# Hi , can someone tell me how much this machine( Brasilia) worth it and is it good one ?



## Lterzo (Jun 9, 2020)




----------



## DavecUK (Aug 6, 2013)

Brasilia were OK, it will be a fairly basic HX machine, difficult to value without seeing the internal condition and the condition of the tin. It's called a Brazilia Mini Classic from circa 2011 onwards. I alsoways thought these were made by Quickmill, or at least the case and boiler etc..That case is definite Quickmill. If it's in OK/good condition internally/externally perhaps £300-350... It looks like it's missing it's little espresso riser rack.


----------



## Lterzo (Jun 9, 2020)

DavecUK said:


> Brasilia were OK, it will be a fairly basic HX machine, difficult to value without seeing the internal condition and the condition of the tin. It's called a Brazilia Mini Classic from circa 2011 onwards. I alsoways thought these were made by Quickmill, or at least the case and boiler etc..That case is definite Quickmill. If it's in OK/good condition internally/externally perhaps £300-350... It looks like it's missing it's little espresso riser rack.


 Thanks for the quick response.So I assume does not worth to swap it for my Gaggia with pid .


----------



## DavecUK (Aug 6, 2013)

Lterzo said:


> Thanks for the quick response.So I assume does not worth to swap it for my Gaggia with pid .
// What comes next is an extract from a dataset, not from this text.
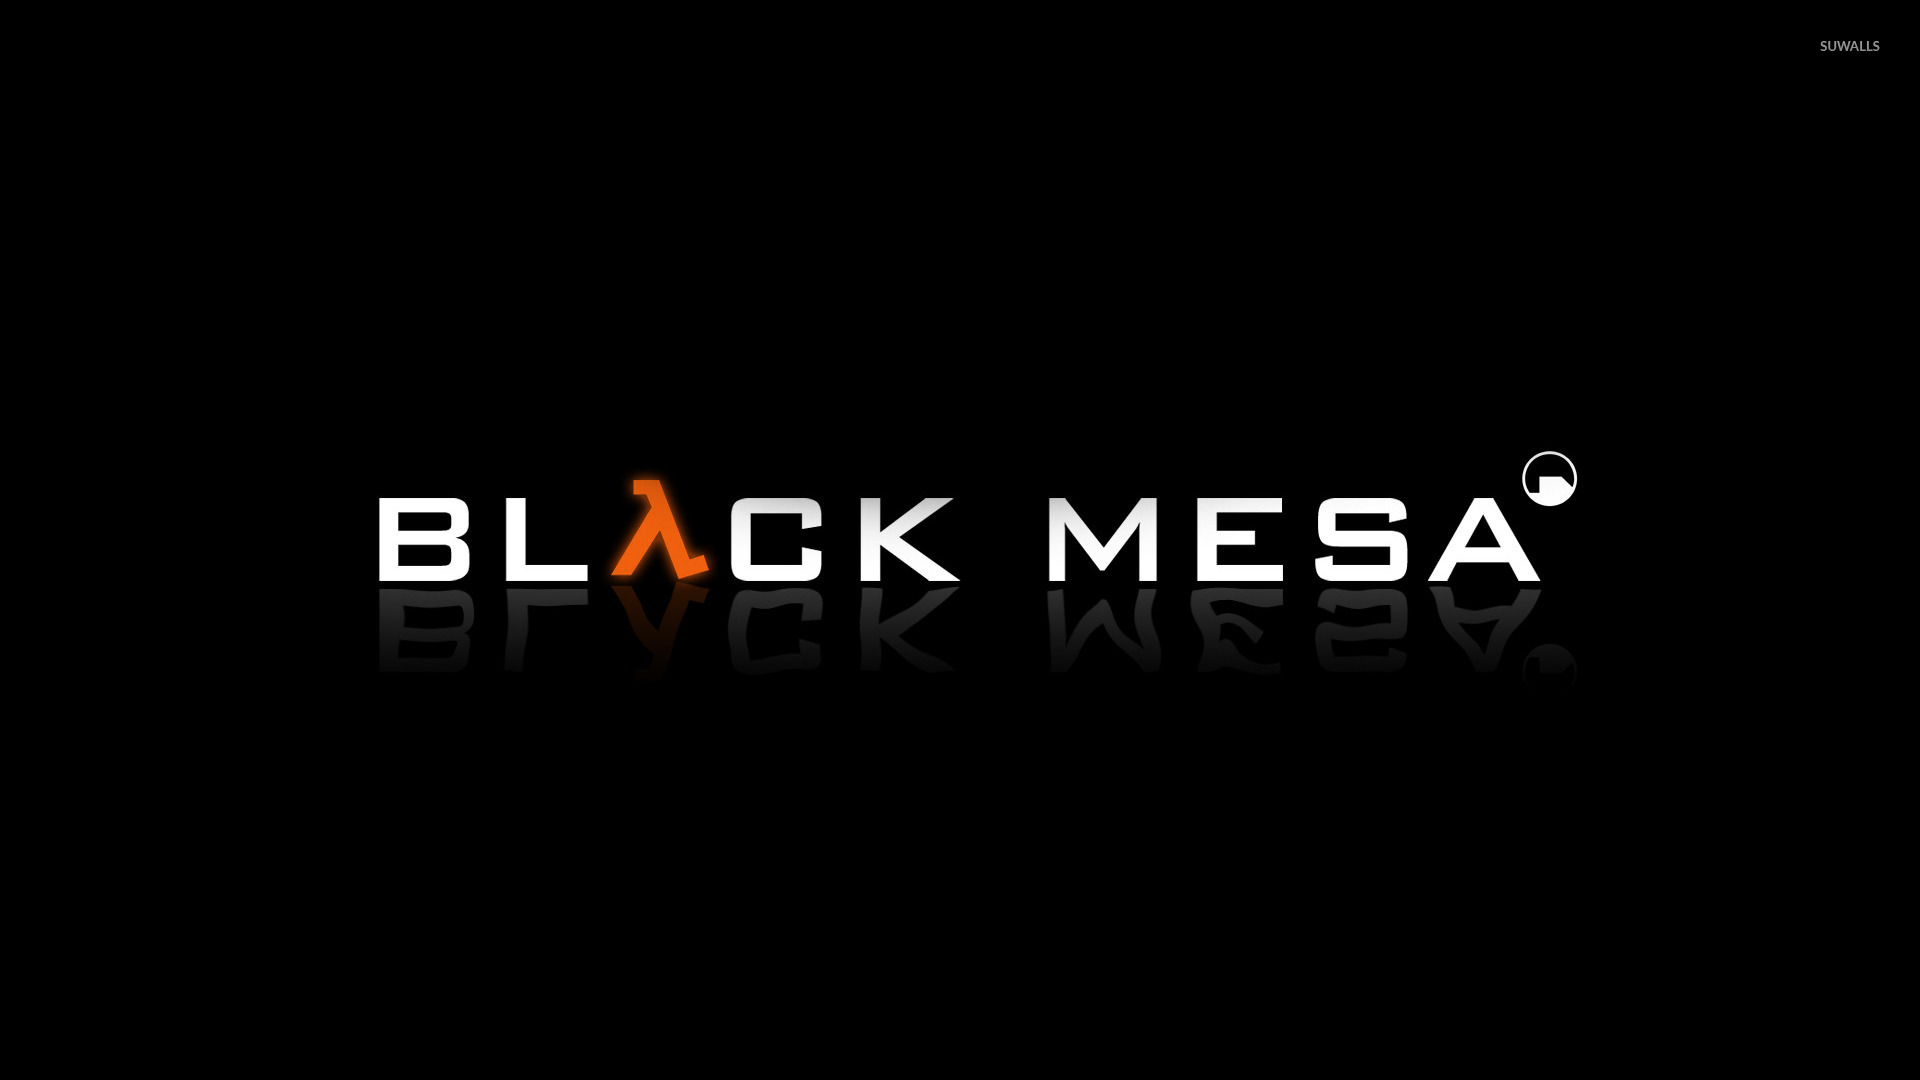 Black Mesa Wallpaper Game

 If it's in good condition, it will be way better than the Gaggia, but you will need to flush as with any HX.


----------



## 4085 (Nov 23, 2012)

They are up the ladder from a Classic......that said, it looks a bit sad and lonely and unloved. Remove the pf and look at the state of the shower screen. Heat it up and pull some water through, then remember, that is what you will be drinking.....it should not be difficult to sort out with a descale and tic


----------



## John Yossarian (Feb 2, 2016)

As already said it will take a bit of TLC to bring it back to its former glory but once there it would make good coffee and it is far more capable than a Gaggia (PID or not). It must have at least 1.5 l boiler under the bonnet.


----------



## Lterzo (Jun 9, 2020)

dfk41 said:


> They are up the ladder from a Classic......that said, it looks a bit sad and lonely and unloved. Remove the pf and look at the state of the shower screen. Heat it up and pull some water through, then remember, that is what you will be drinking.....it should not be difficult to sort out with a descale and tic


 Hi and thanks.What i have to look on the shower screen?
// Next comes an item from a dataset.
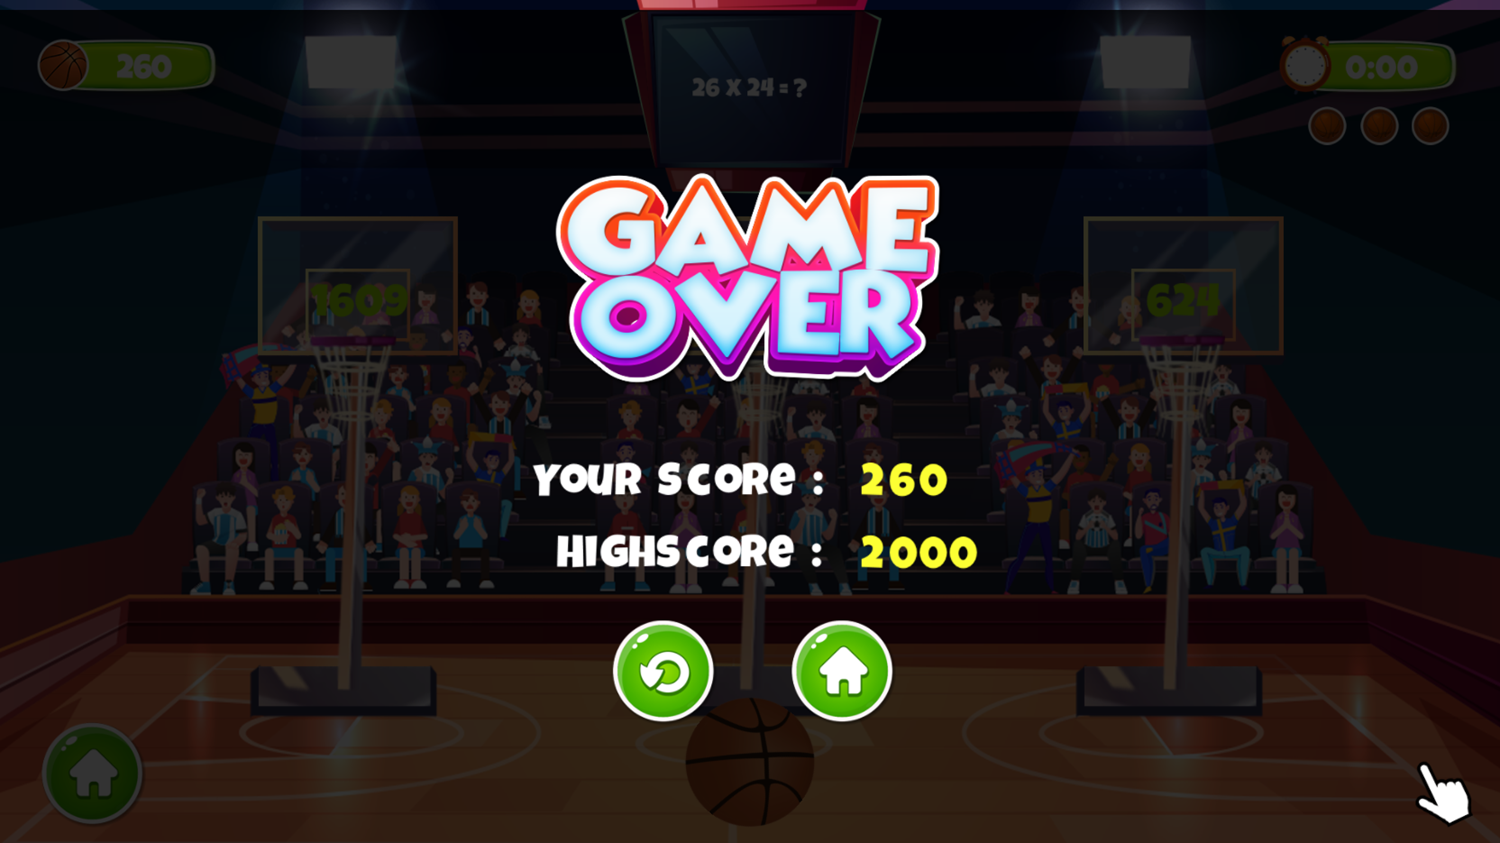 Basket Goal Math Game Over Screenshot.

"Heat it up and pull some water through, then remember, that is what you will be drinking.." What do you mean ,sorry for the question.


----------



## MediumRoastSteam (Jul 7, 2015)

Fun fact...

My grandma had a Brasilia, back in the day. 😂😊🤷‍♂️


----------



## BBBean (Jul 31, 2020)

If it helps a nice clean shiny one of these sold on eBay last week, coupled with a eureka Chrono grinder for £513.


----------



## 4085 (Nov 23, 2012)

Lterzo said:


> Hi and thanks.What i have to look on the shower screen?
> 
> "Heat it up and pull some water through, then remember, that is what you will be drinking.." What do you mean ,sorry for the question.
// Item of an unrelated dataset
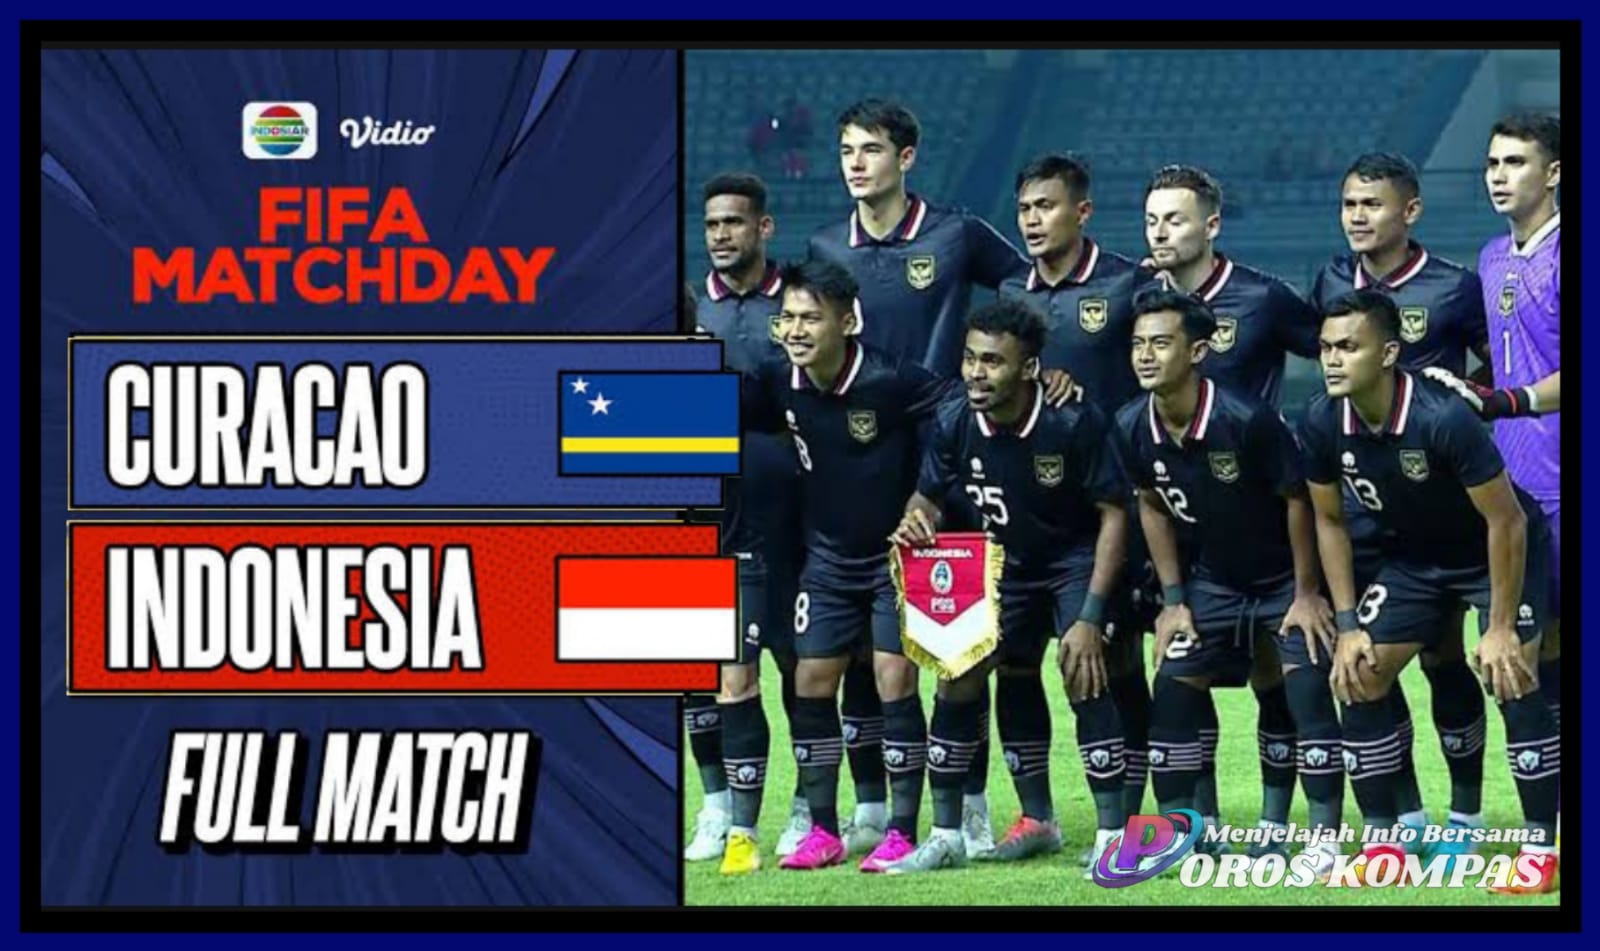 Live Streaming Curacao vs Indonesia di Vidio Premium : Jadwal FIFA Matchday 2022

 If the machine has had regular love and affection, if you look at the group head (the area the pf lock s into) it will be nice and clean. Oils produced by coffee are manky. This will give you an indication of how well loved the machine has had. Lift out the basket from the pf and again the pf will either be clean or filthy. I am suggesting that if you heat the machine up and pull off some hot water as If pulling a shot, that same water will be making your coffee. It needs to be clean, clear a nd tasteless. Remember, a machine that is well looked after is worth a lot more than one that has not


----------



## John Yossarian (Feb 2, 2016)

In case you have not watched this:


----------



## DavecUK (Aug 6, 2013)

It so looks like an Adreja Premium <lol>


----------



## John Yossarian (Feb 2, 2016)

DavecUK said:


> It so looks like an Adreja Premium <lol>


 And stainless steel boiler too. I was surprised

EDIT: Nickel plated copper, not stainless steel


----------